One issue that may arise as health plans consider various coverage issues is that members' religious beliefs could be breached through the coverage of specific procedures, says MSU's Fleck. "More medical interventions may trigger religious or moral objections, particularly reproductive technologies. Individuals will say sincerely that they have a deep conscientious objection to the procedures and yet their money — the money they and the company pay in for insurance — is helping to facilitate access to these services. But denying coverage may deny a couple the opportunity to have children, or force them to accept the risks of having a child with a genetic disorder that could have been detected. Neither of those are good outcomes."
Managed care plans are reluctant to have these kinds of wide-reaching ethical conversations with their members on the whole, Fleck says.

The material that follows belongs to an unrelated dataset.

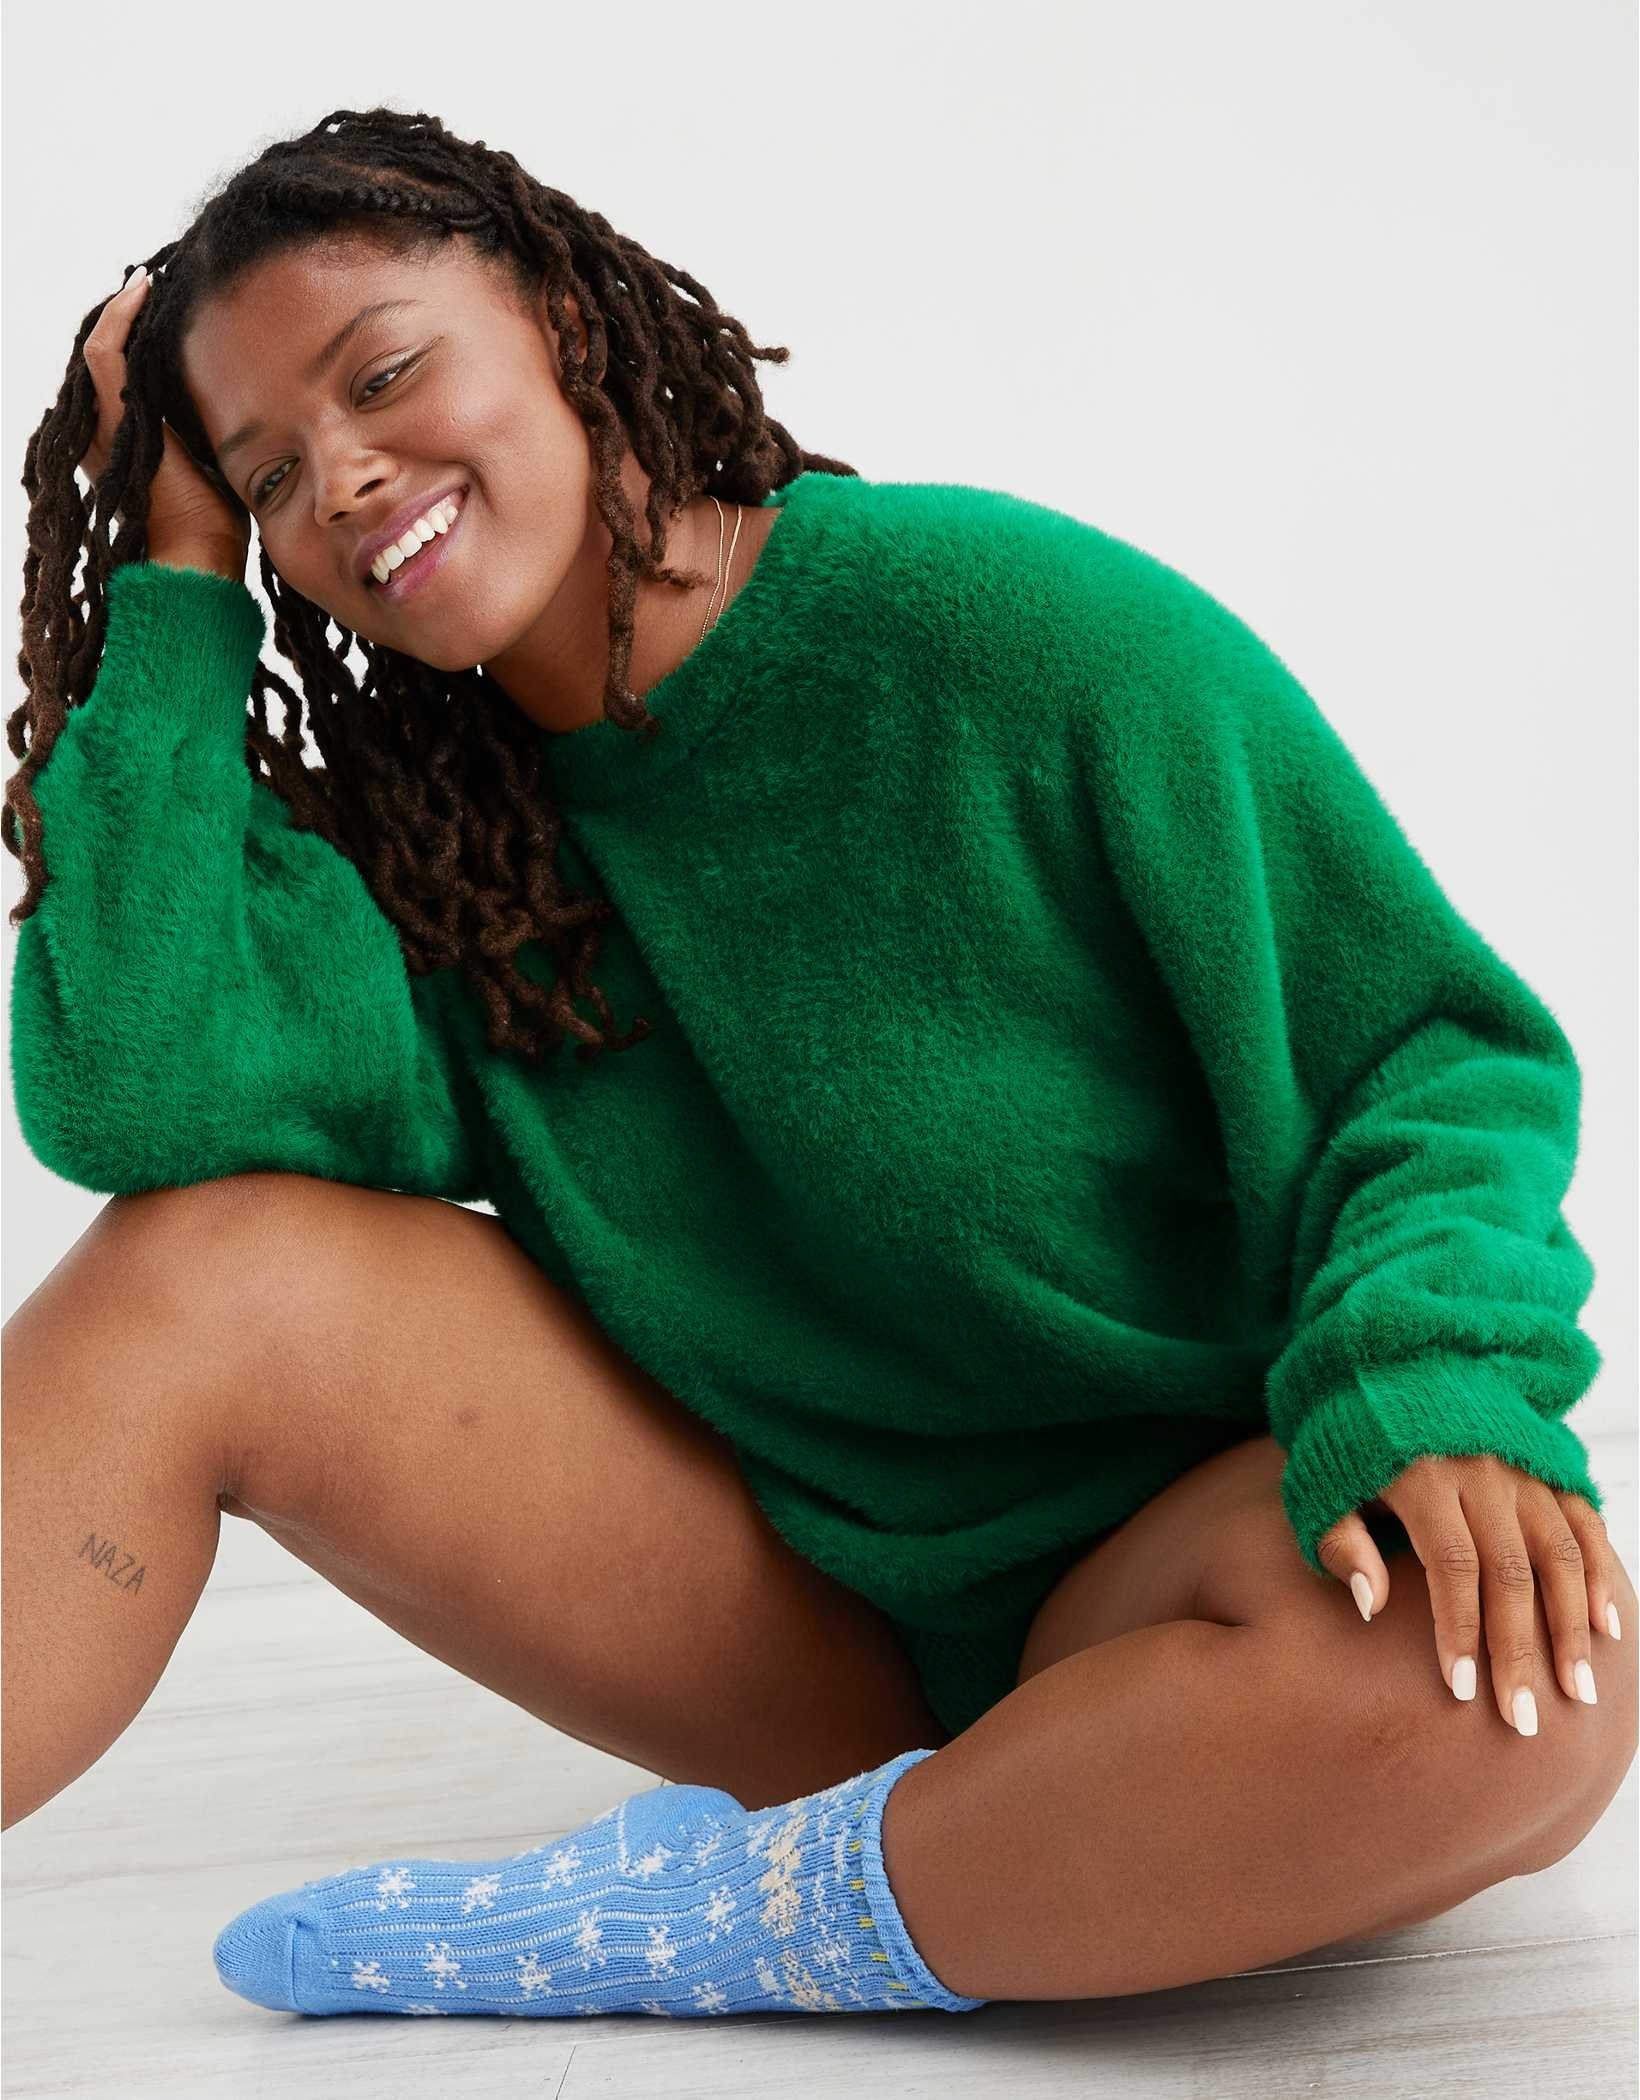 A model in the bright leaf green sweater

The competitive health care environment doesn't help, he adds. A health plan that uses evidence to deny a marginally beneficial treatment, and then publicly declares that policy, might have that decision used against it. "Plan B might say to people, You are foolish for signing up with Plan A because they are making rationing decisions," Fleck says. "But every managed care plan has to control costs in some fashion, and controlling costs involves denying individuals marginally beneficial health care."
Still, Fleck recommends starting a dialogue with members. "I encourage health plans to publish informative pieces in their newsletters explaining to their membership the problems that we face and why we face them. Stories on expanding medical technology, what 'marginal benefits' are all about, and what the implications are of failing to make better choices about using some of these technologies are all good topics to cover."
End "medical necessity"?
The good news is that consumer-directed health care should enable health plans to direct more time and resources to big issues, says the University of Tennessee's Morreim. Giving more attention to evidence-based medicine and the development of sound, defendable coverage policies — perhaps even doing away with "medical necessity" and coming up with more concrete ways of stating how coverage decisions are made — is an important opportunity for health plans, she says.
"To the extent that health plans will no longer need to focus on the little expenses of health care, because those will be in patients' hands, health plans will be more free to focus on the area that is above the threshold of a high deductible, where the fewest patients are but where most of the money goes," Morreim says. "Managed care organizations have an obligation to get a better grip on evidence-based care for higher-cost illnesses and injuries and then begin to shape coherent policies regarding coverage.
"That's significant," she continues, "because only when we figure out how to use the money better can we then begin to look at how to use the money best."